* [Problem statement] Find the line in the entries below that contains "OCG 2020.01 Metagame". Repeat it exactly, and every line after it through the line that contains "Before and after".
··· Provided information
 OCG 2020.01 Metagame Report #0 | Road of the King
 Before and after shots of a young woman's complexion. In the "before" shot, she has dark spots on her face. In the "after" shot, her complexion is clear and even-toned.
······
··· Provided information
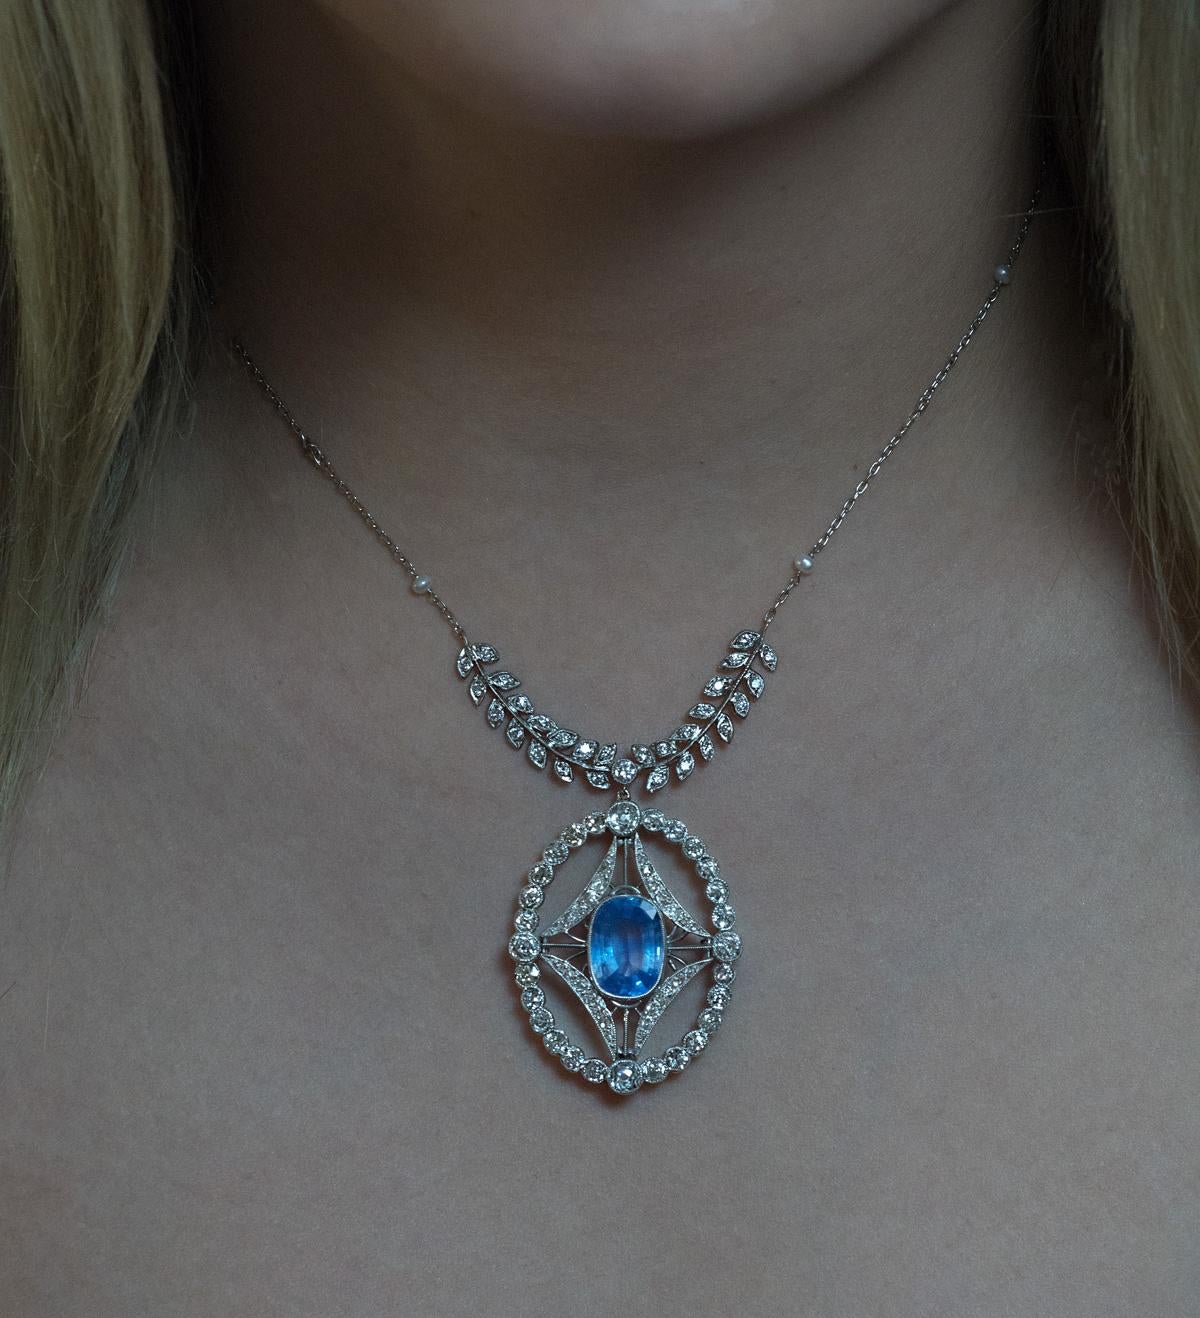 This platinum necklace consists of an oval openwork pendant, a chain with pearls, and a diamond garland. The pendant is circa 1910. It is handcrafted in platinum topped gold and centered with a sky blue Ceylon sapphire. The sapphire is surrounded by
······
* [Exercise answer]
 OCG 2020.01 Metagame Report #0 | Road of the King
 Before and after shots of a young woman's complexion. In the "before" shot, she has dark spots on her face. In the "after" shot, her complexion is clear and even-toned.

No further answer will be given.